They both have a number of integrations with other services, such as allowing a serverless function to be a subscriber and to act on messages being published to the queue. They are essentially distributed queues with at-least-once delivery semantics supporting multiple publishers and multiple subscribers. The features of Kinesis and Pub/Sub are very similar. It has to scale, and it has to Just Work™. It can be used for anything from data ingestion to event handling and synchronization between subcomponents. Pub/sub messaging is a critical requirement for many distributed, loosely coupled systems. The number of active questions on Stack Overflow shows a similar gap:Īdvantage: AWS AWS Kinesis vs. We looked at group membership and number of scheduled meetups for the two platforms on to get a quick read on relative community engagement: While GCP has some large customers like SnapChat and Pokemon Go, AWS clearly has a larger developer community. A couple people on the team had varying degrees of experience with GCP. Most of the team had significant prior experience with AWS. Next, we decided to look at what differentiated some of these services as well as some non-technical factors that we couldn’t ignore.
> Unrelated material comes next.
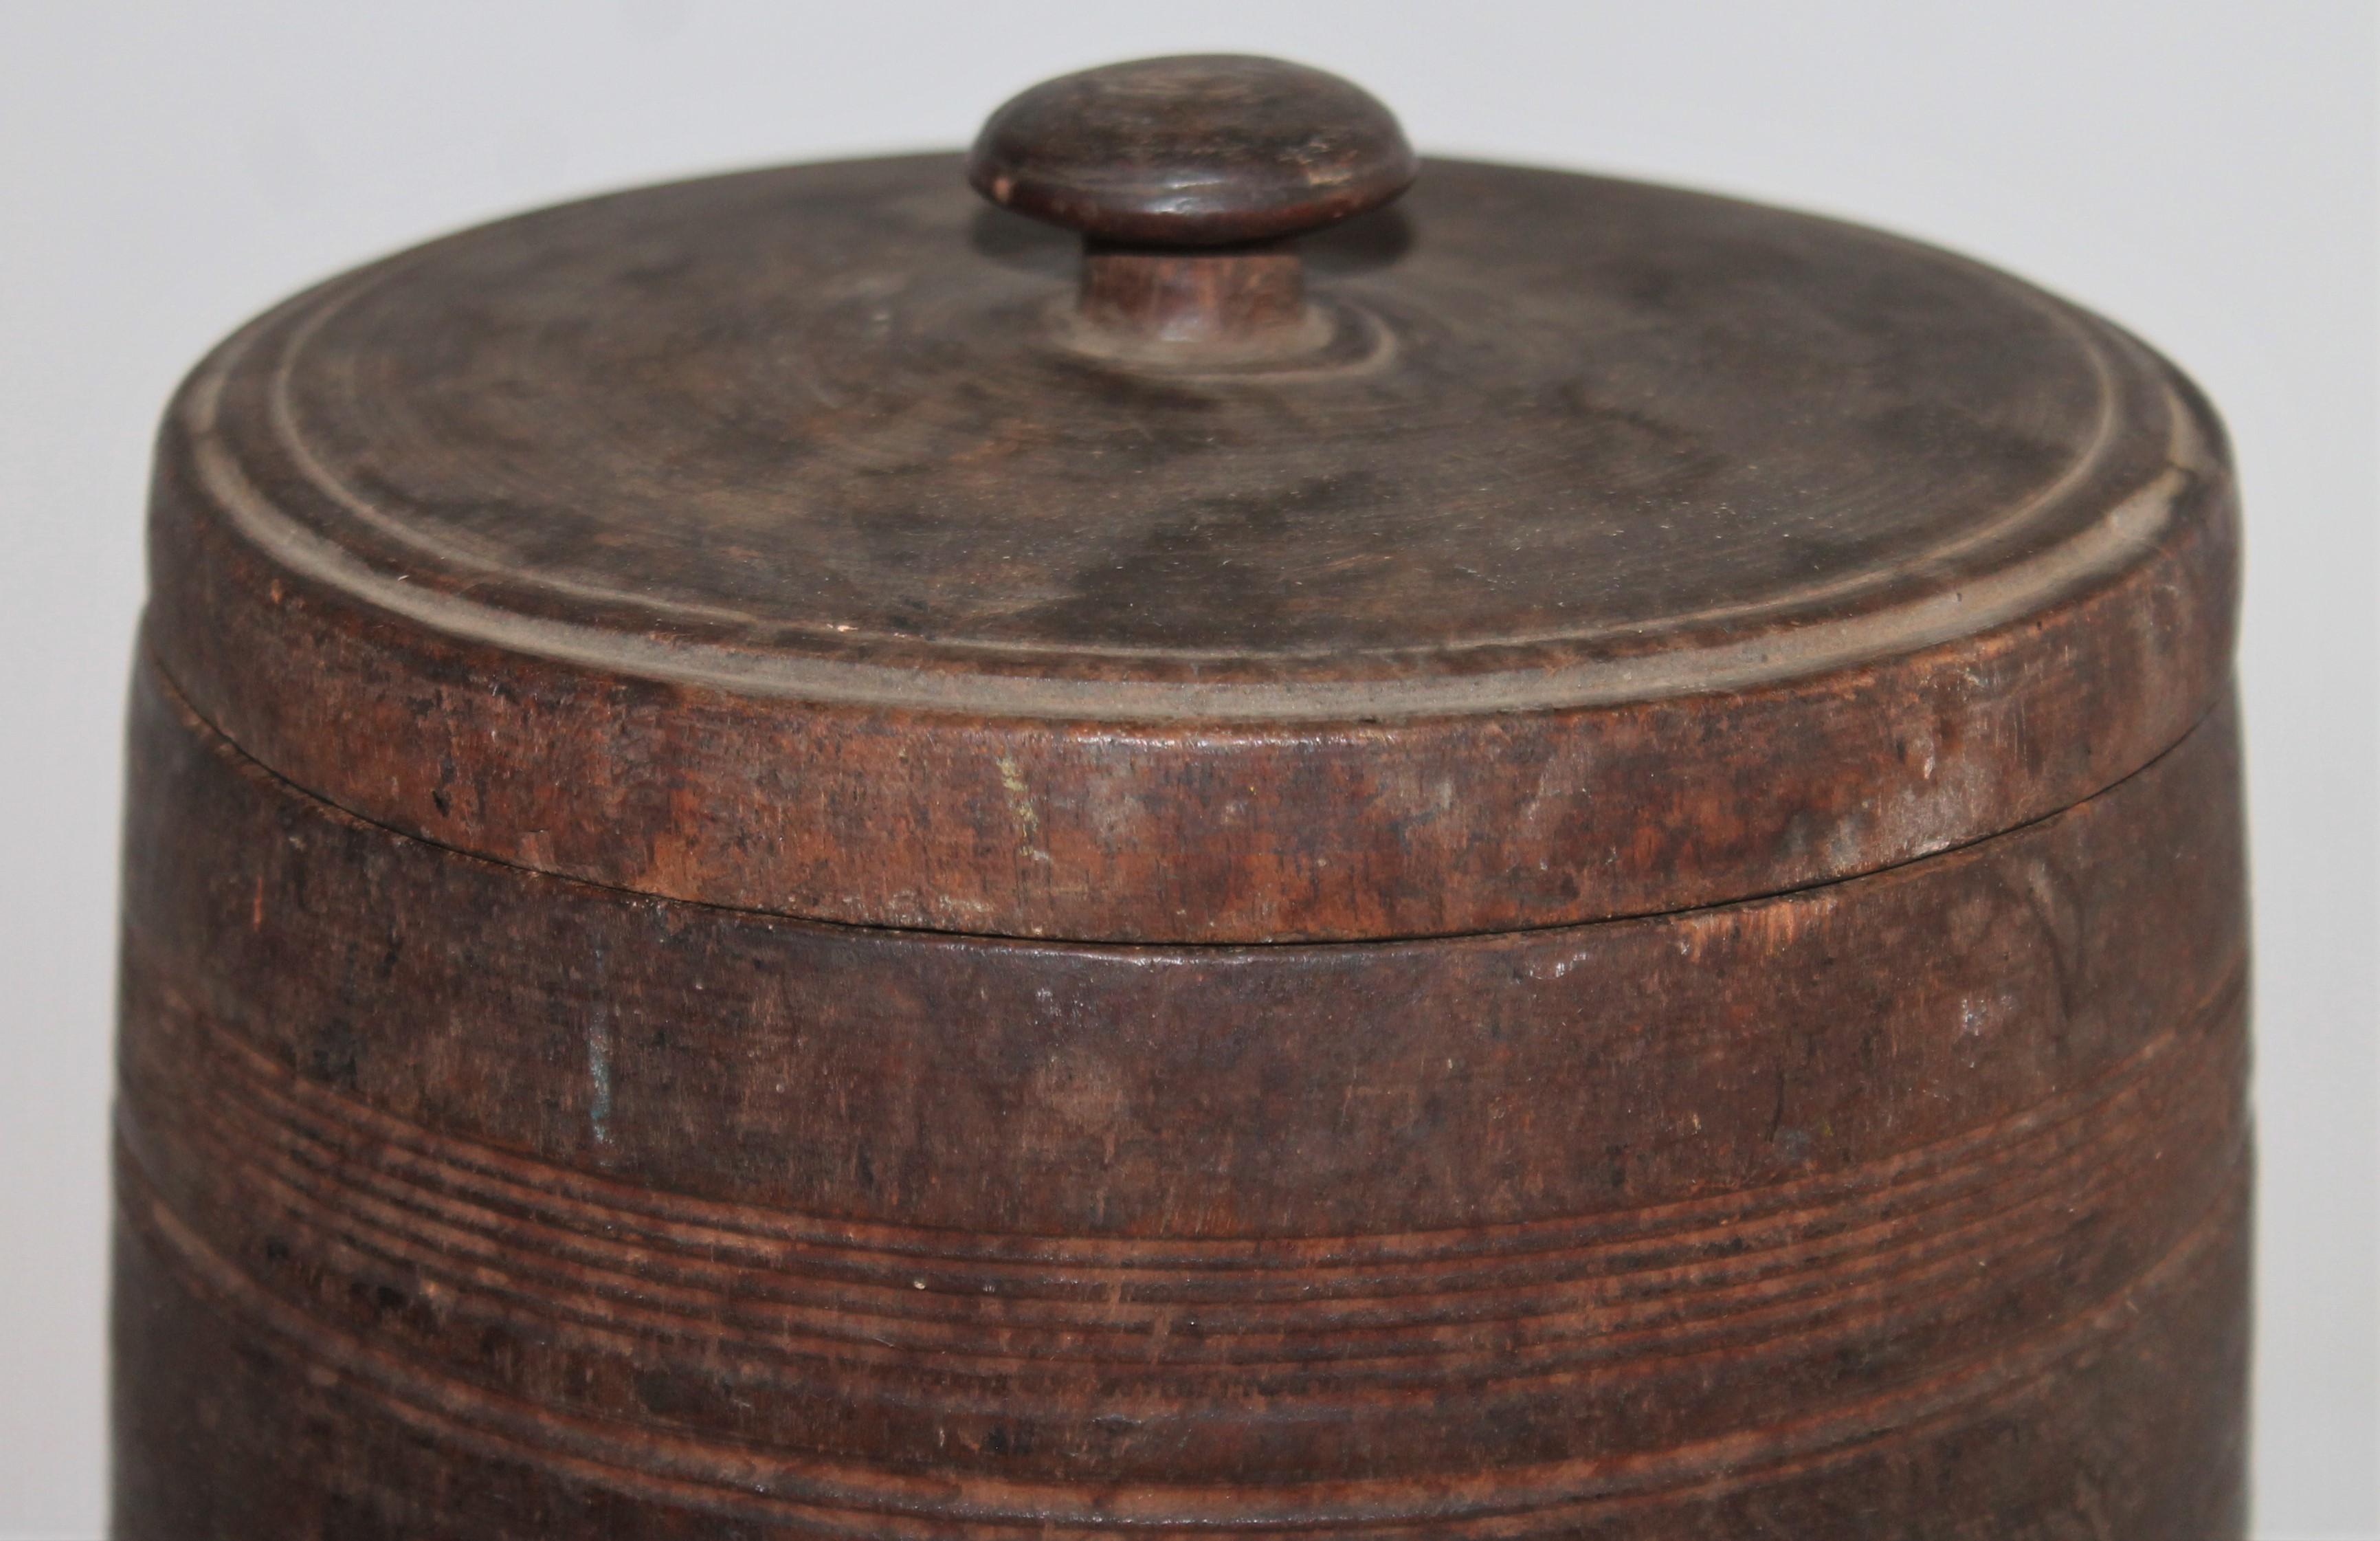 Hand-Crafted 19th Century Handmade Wood Canister W/ Lid

GOOGLE CLOUD MONEY MAKING FULL
It’s clear that both AWS and GCP had the full set of services that we needed, and we felt that we could deploy our software to either platform without resorting to any ugly workarounds. These are the services we might use in each cloud to build mabl: Service Type Given all the services we thought we would want we were able to quickly narrow down the list of candidates to AWS and GCP.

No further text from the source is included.